The Lost Generation's Legacy in Literature

Sara Rutkowski

Dulce et decorum est / Pro patria mori--it is sweet and glorious to die for one's country. (1) This is the message with which European young men and women of the early twentieth century were indoctrinated before the start of World War I. By the end of the war, however, most realized that this had all been a great lie. This change in thought is reflected in literature and art produced during and after World War I illustrating that the people of the early twentieth century felt their governments had used them and wasted their youth on a war that left the world feeling dehumanized and lost.

World War I was the first war that greatly affected almost every country in our world. It was a war whose magnitude no one, including the soldiers themselves, truly understood until it was too late. When many of the young soldiers entered the war, they were doing so with dreams of glory, unaware that they would be entering a war that was unlike any history had ever seen before. By the war's end, these young men's optimistic war-glory dreams had been replaced by battered, war-fatigued realities. This transformation is reflected in the literature from both during and after the war by such authors and poets as Wilfred Owen, W. N. Hodgson, Ernest Hemingway, Ernst Junger, Herbert Read, Erich Maria Remarque, Helen Zenna Smith, Wilfred Gibson, and T.S. Elliot, along with many others.

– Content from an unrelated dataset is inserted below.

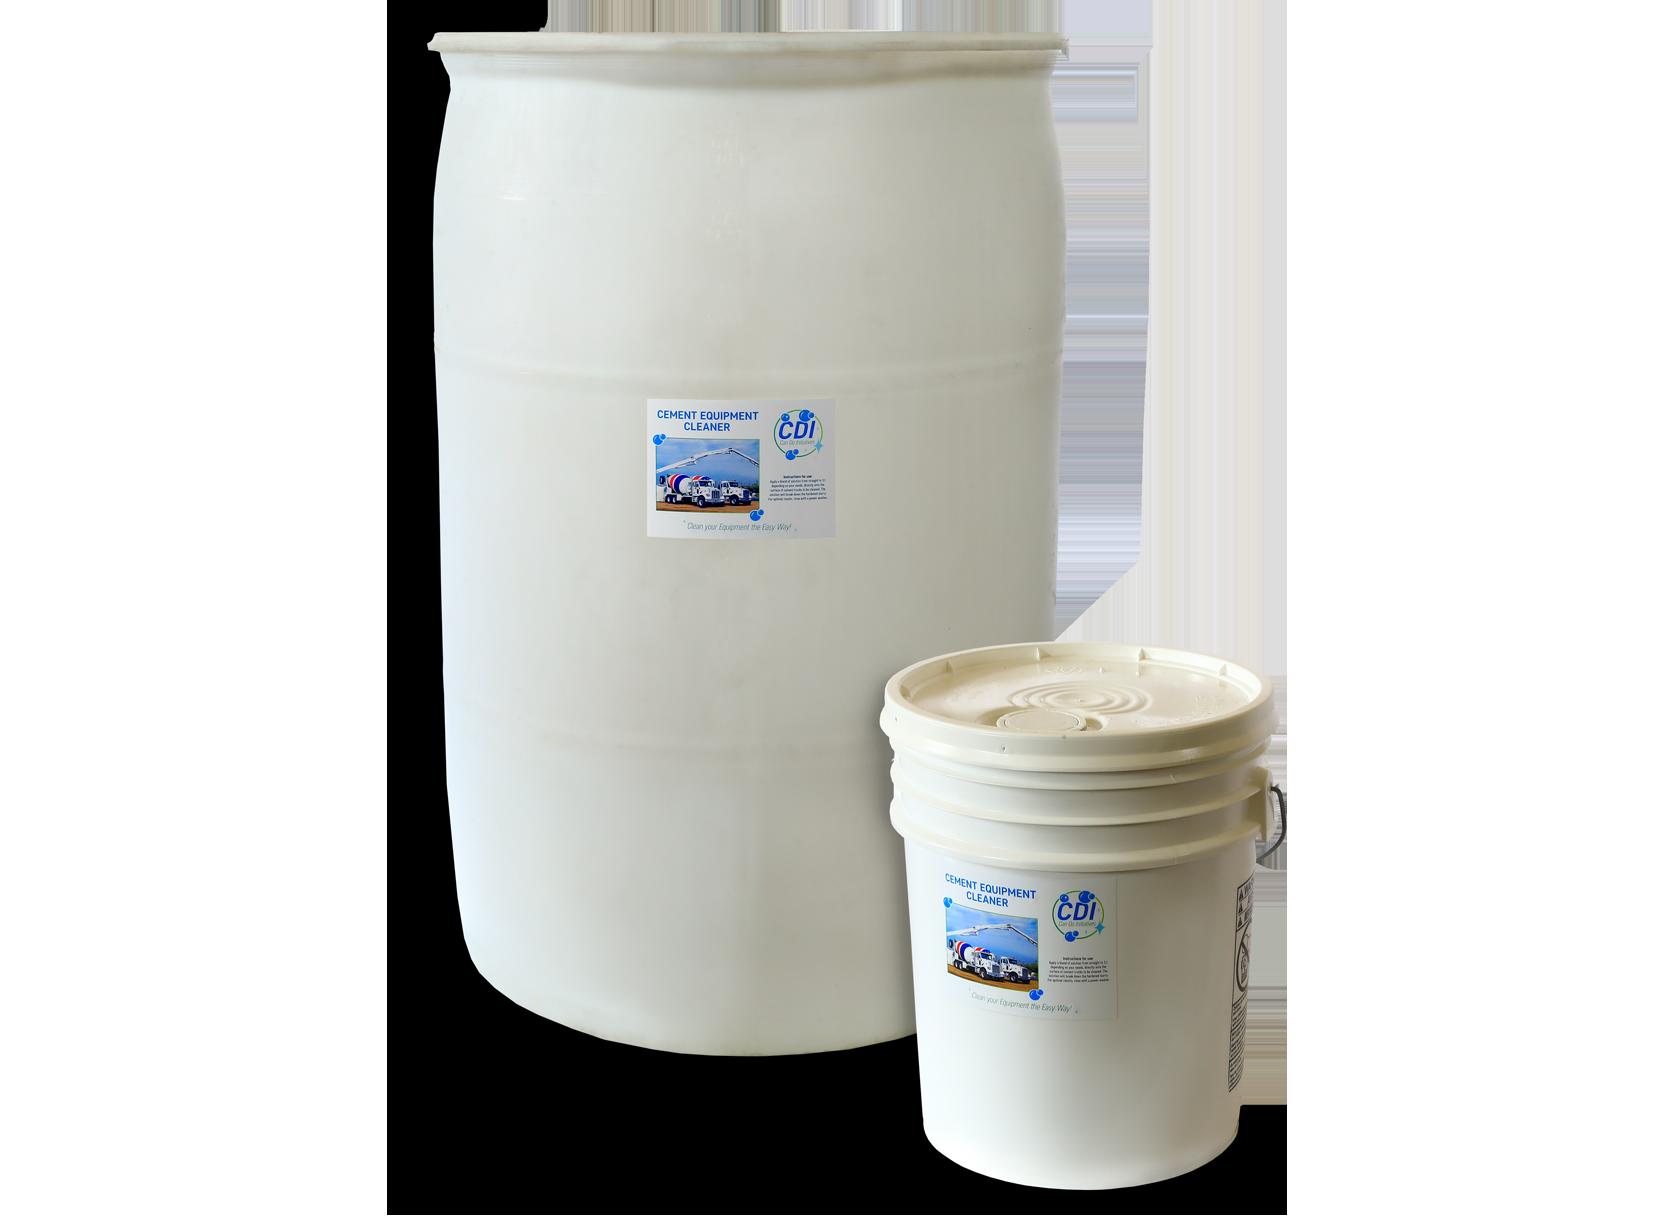 Cement Equipment Cleaner - 5 Gallon, 55 Gallon

Wilfred Owen's poems capture the anger that many felt toward their national powers. This anger was exemplified in two of his works, Anthem for a Doomed Youth and Dulce et Decorum Est. In Anthem for A Doomed Youth, Owen made his point known from the very beginning with a title that encapsulates the message of the entire poem: the soldiers, these young men, are doomed to die. He reiterated this point by asking rhetorically, "What passing-bells for these who die as cattle?" "Only the monstrous anger of the guns" is his answer. (2) The use of the word cattle symbolizes the fact that the leaders of the great European powers were sending their soldiers into battle as animals being led to the slaughter. Indeed, they cared little about the lives of those young men who were dying on their behalf: "Nor [was there] any voice of mourning" upon their deaths other than the "shrill, demented choirs of wailing shells." (3)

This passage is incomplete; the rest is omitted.